### DATASET CONTENT
_ _ _ _
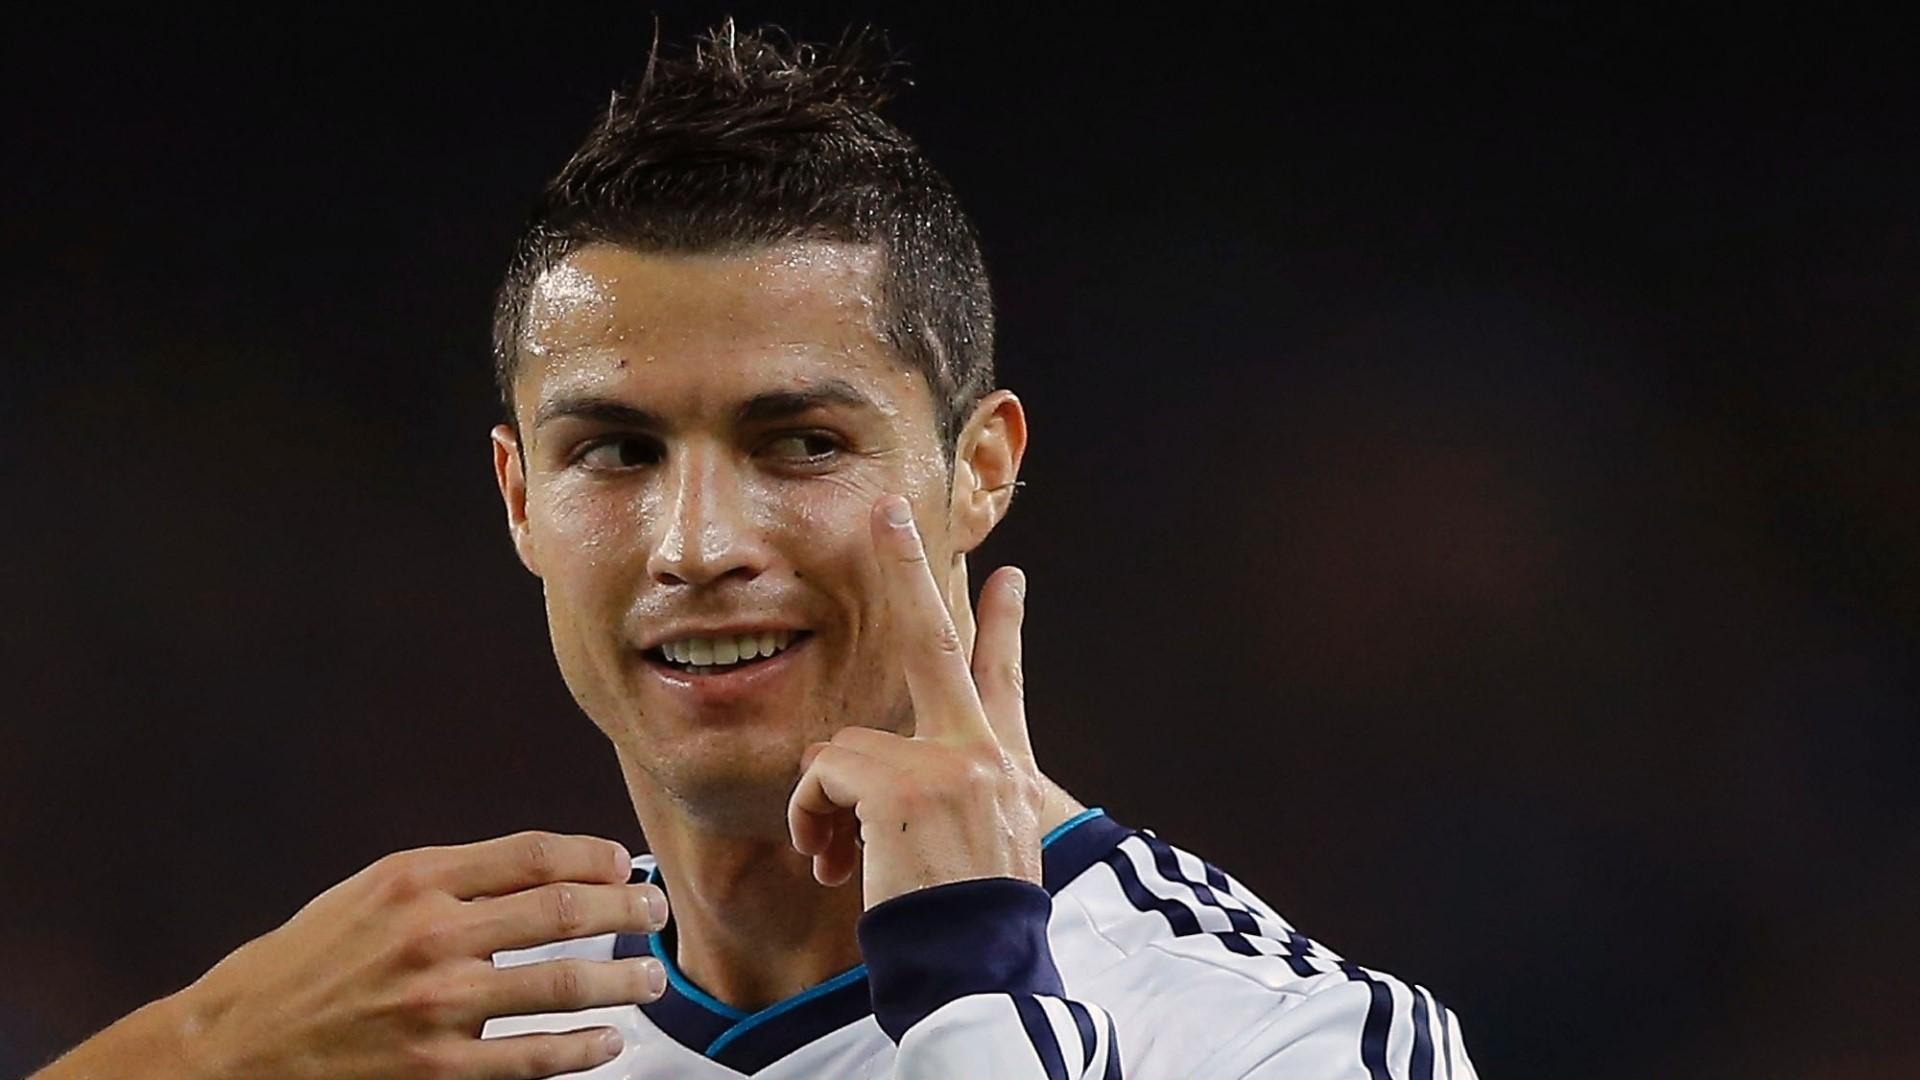 Cristiano Ronaldo Wallpapers 2
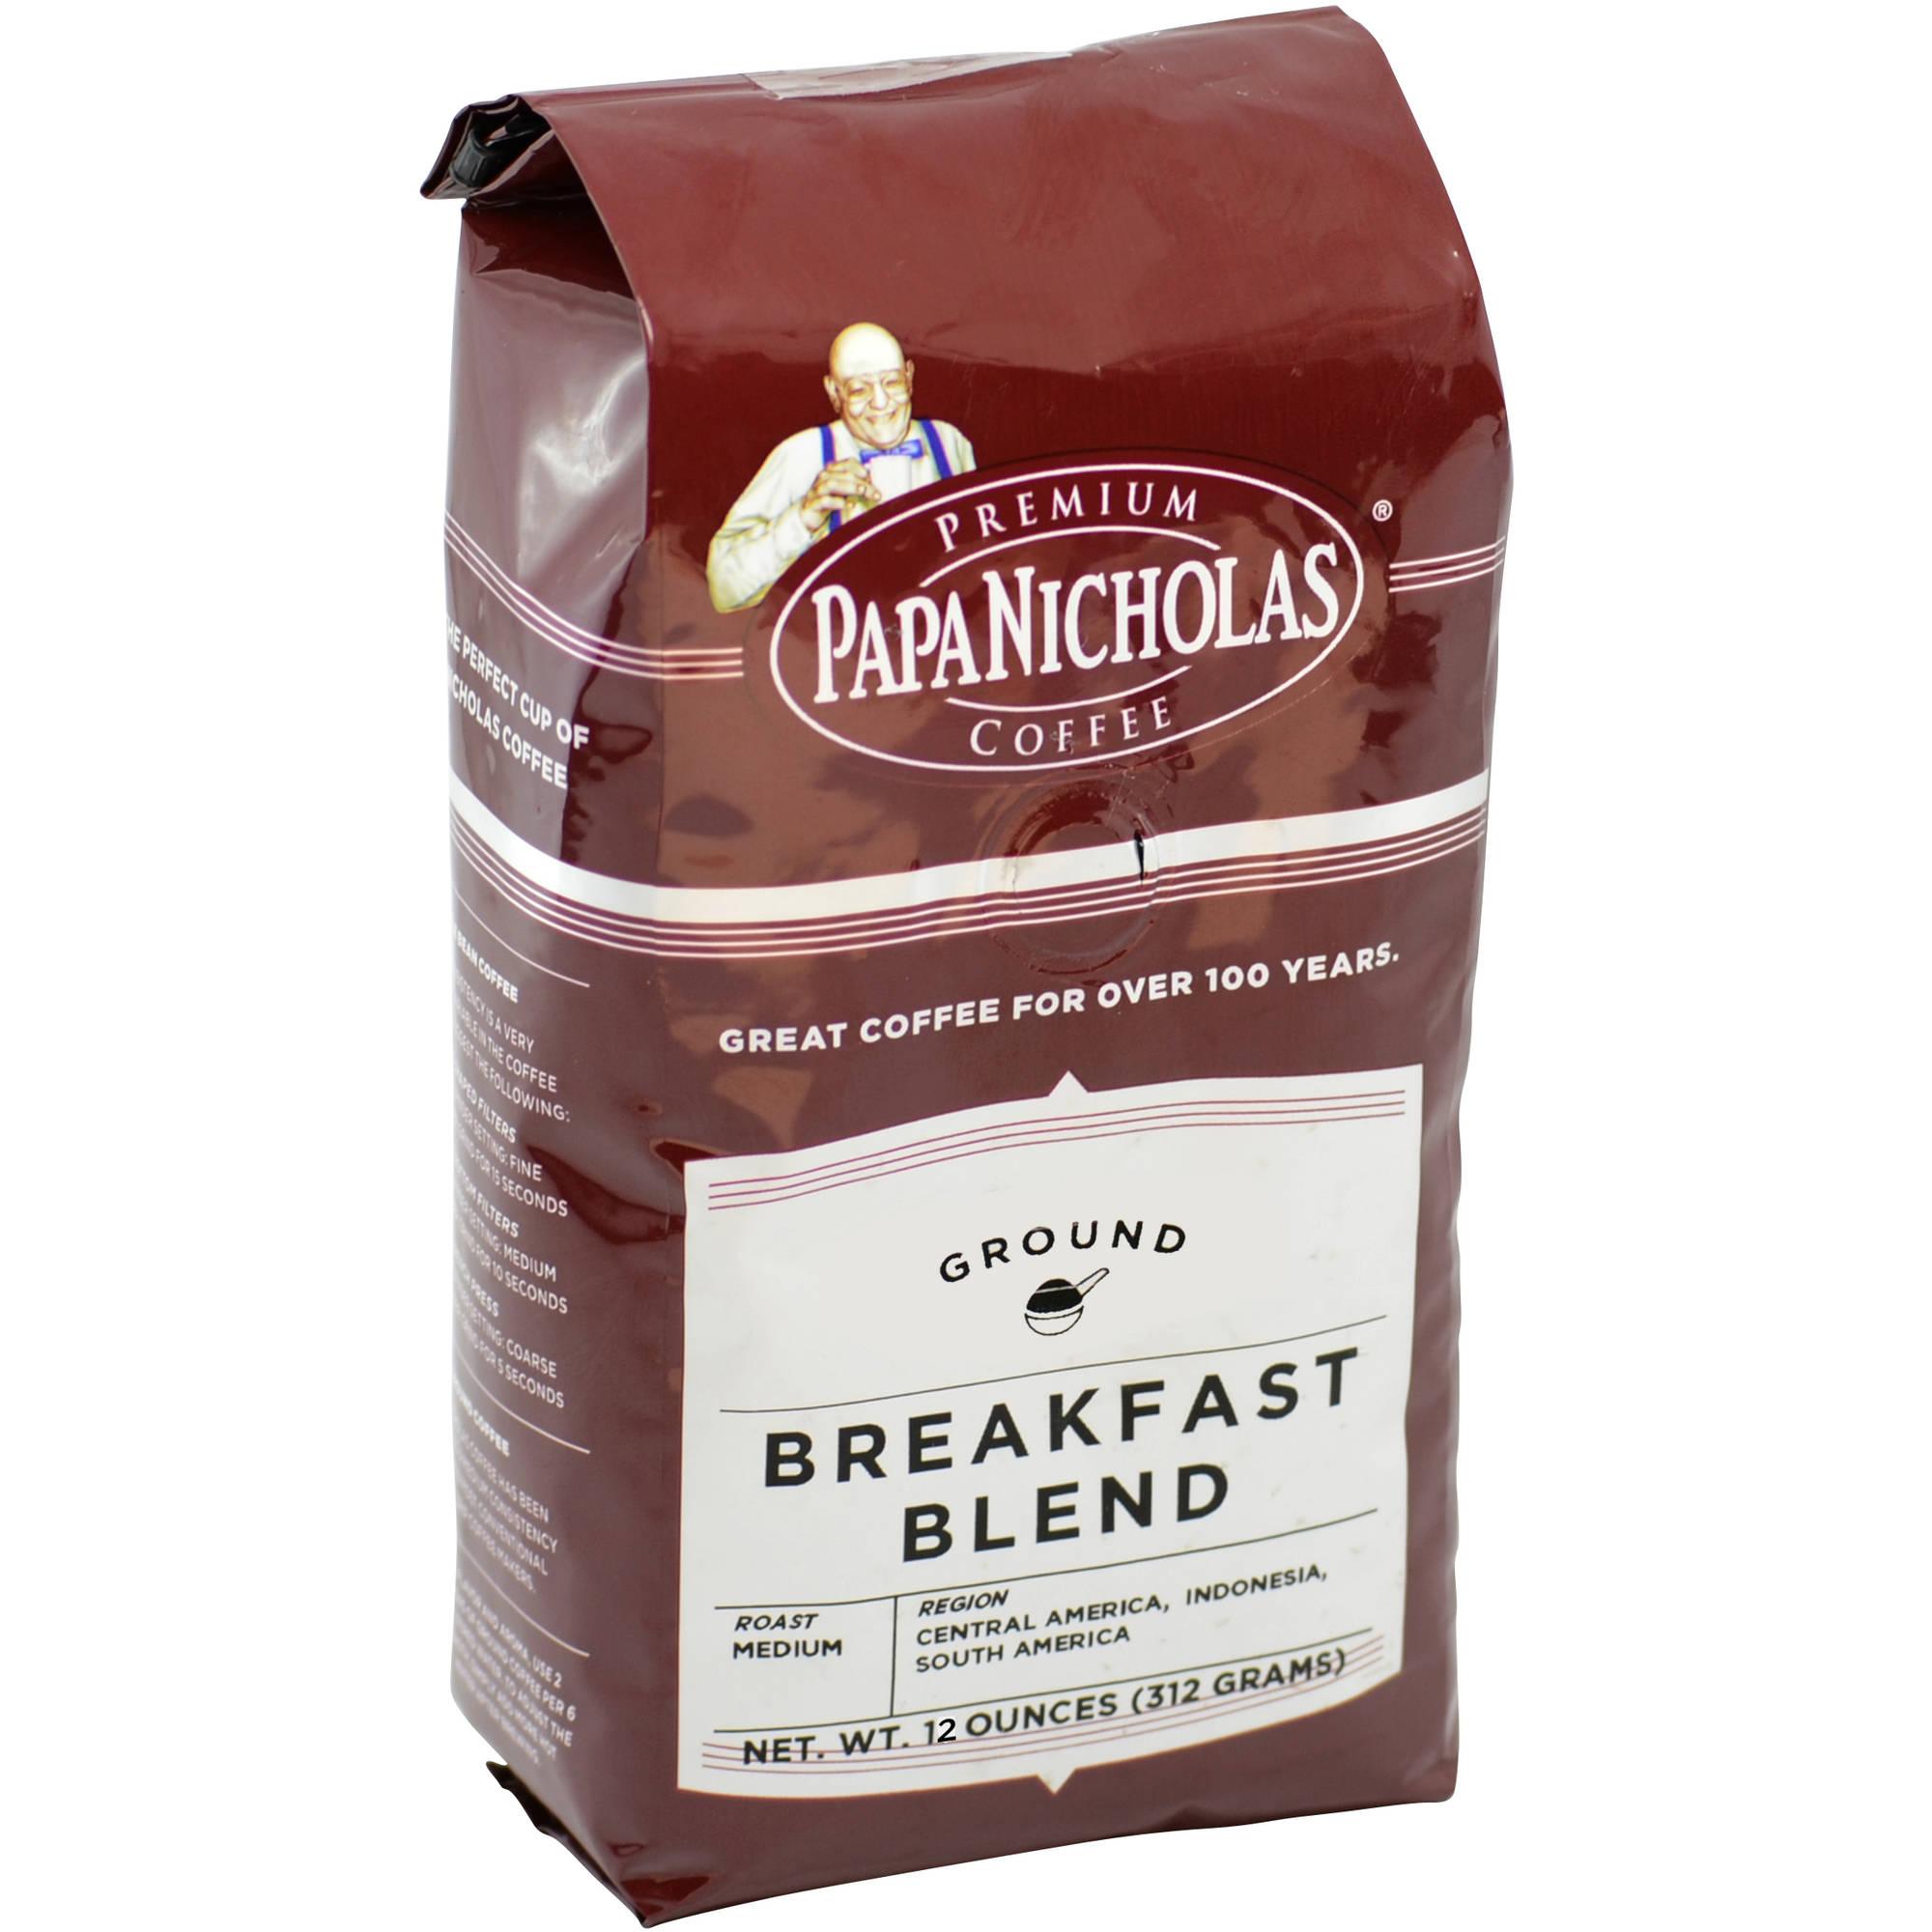 PapaNicholas Coffee Breakfast Blend Ground Coffee, 12 oz
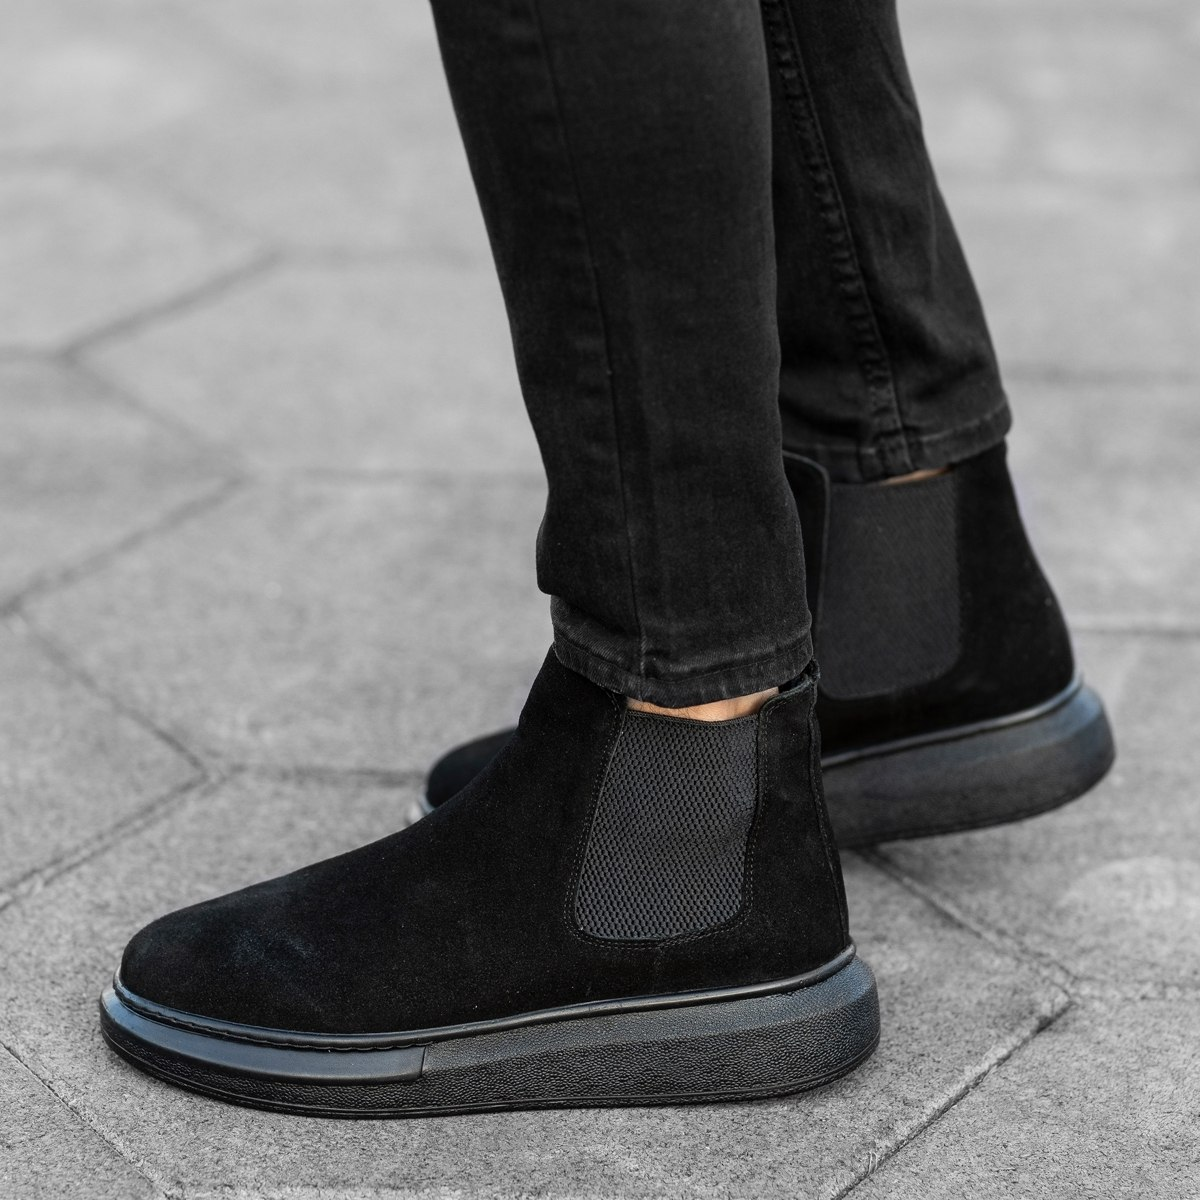 Genuine-Suede Hype Sole Chelsea Boots In Black Mv Premium Brand - 2
_ _ _ _
### WHAT YOU NEED TO DO
Write out, exactly and only, the lines from the one containing "PapaNicholas Coffee Breakfast" through the last line of the material above. Pictures do not go in the copy.

### TASK OUTPUT
 PapaNicholas Coffee Breakfast Blend Ground Coffee, 12 oz
 Genuine-Suede Hype Sole Chelsea Boots In Black Mv Premium Brand - 2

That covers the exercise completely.